*Your goal:* Whenever a picture appears, leave it out while repeating all the other data exactly.

___ The data

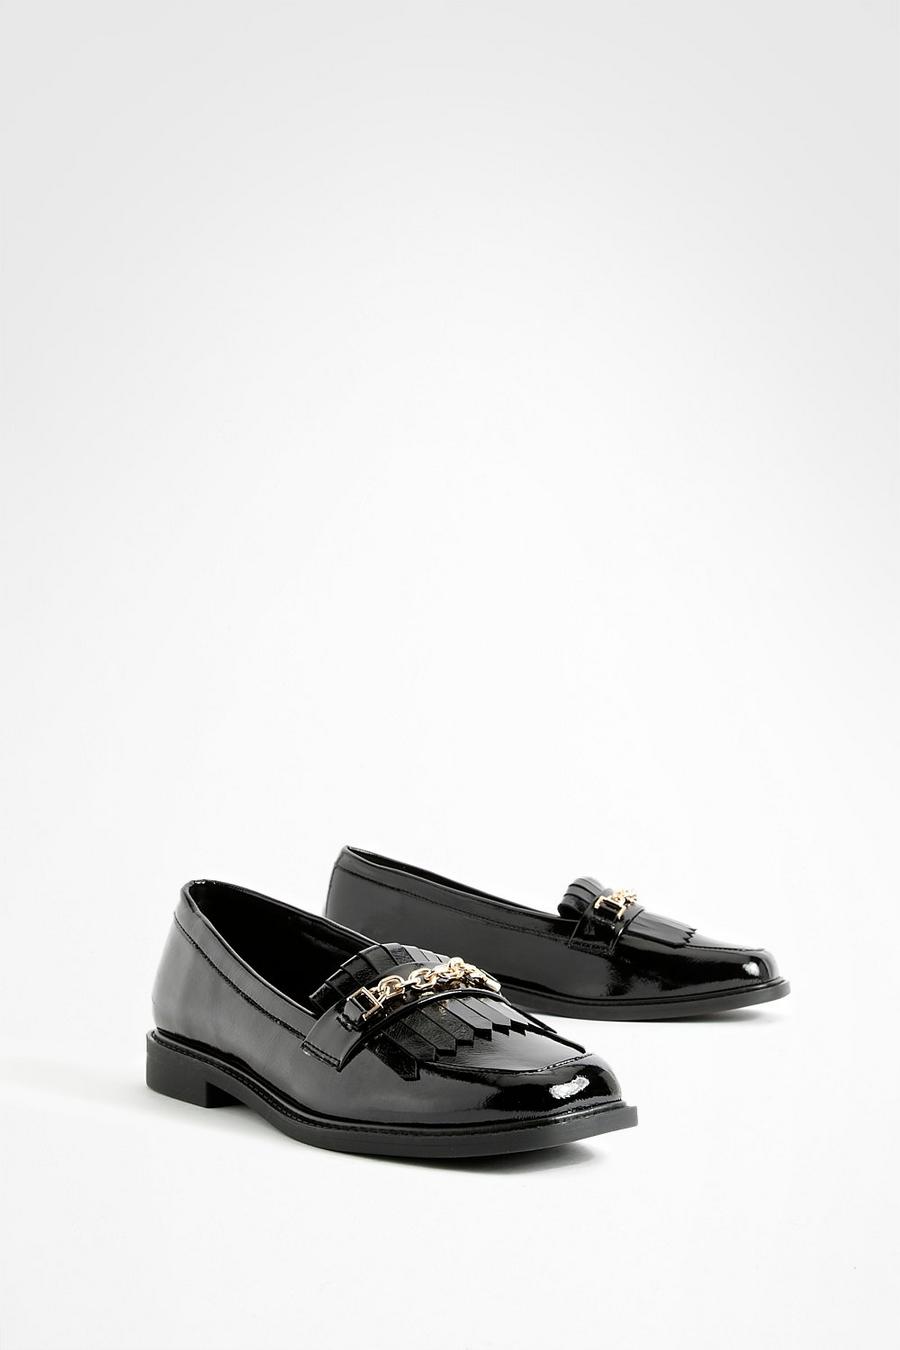 Black Patent Chain Trim Sqaure Toe Loafers 
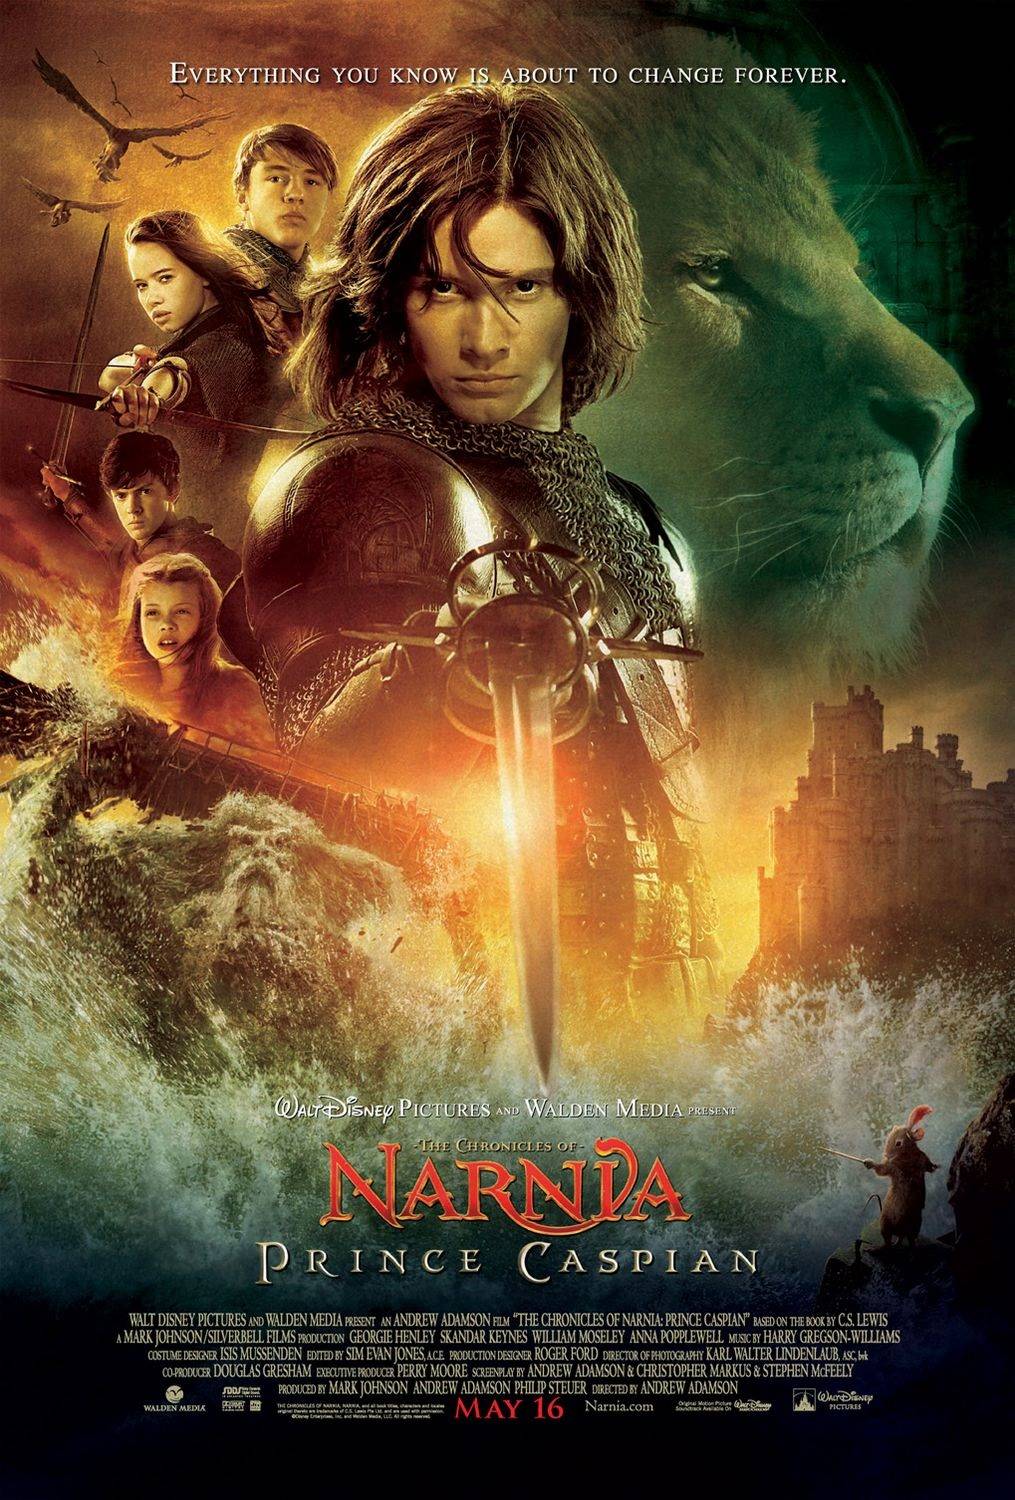 DOWNLOAD The Chronicles of Narnia: Prince Caspian (2008)
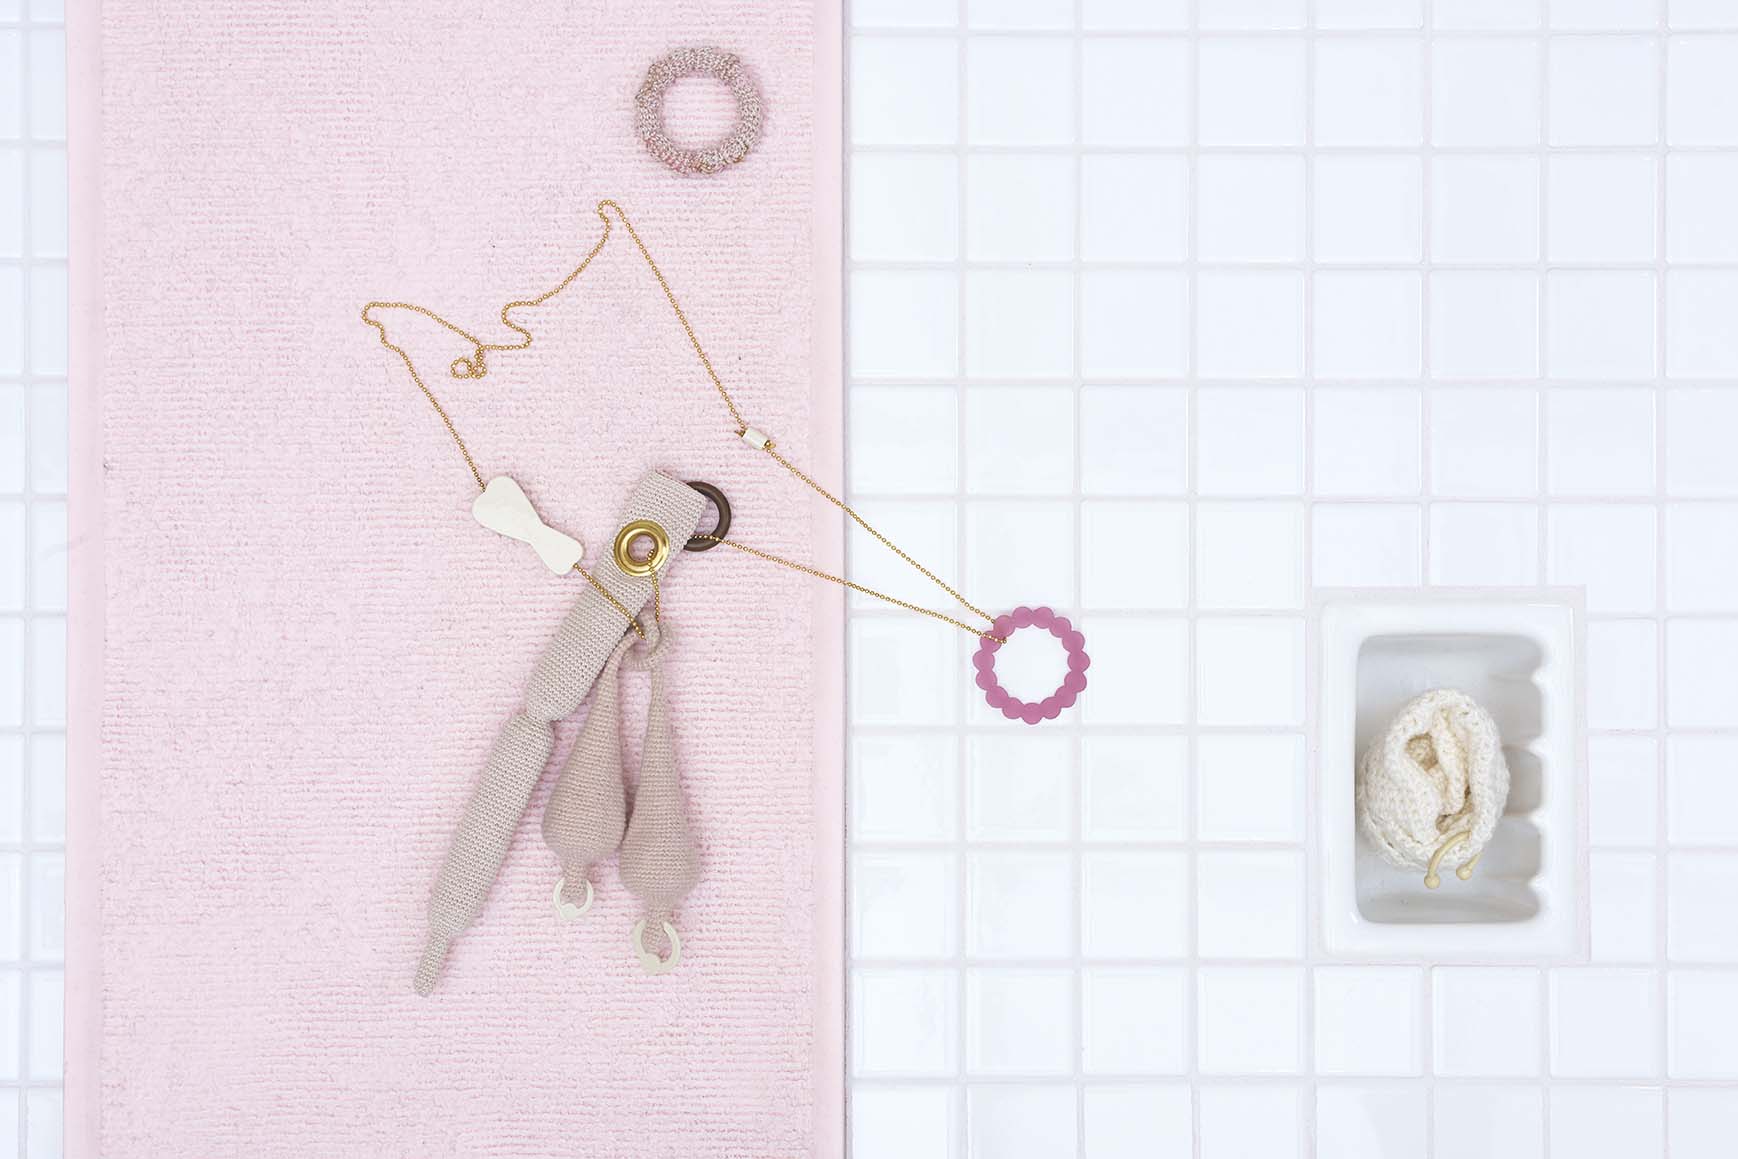 Tatum Gentry, Expert from Expert of a Bathroom, 2019, Necklace and Sock, yarn, brass, aluminum, powder coating, rubber o-ring, plexiglass, 18k plated ball chain, 22 x 5 x 3 inches, Photo : Carlson Productions

______

*Final answer:*
 Black Patent Chain Trim Sqaure Toe Loafers 
 DOWNLOAD The Chronicles of Narnia: Prince Caspian (2008)
 Tatum Gentry, Expert from Expert of a Bathroom, 2019, Necklace and Sock, yarn, brass, aluminum, powder coating, rubber o-ring, plexiglass, 18k plated ball chain, 22 x 5 x 3 inches, Photo : Carlson Productions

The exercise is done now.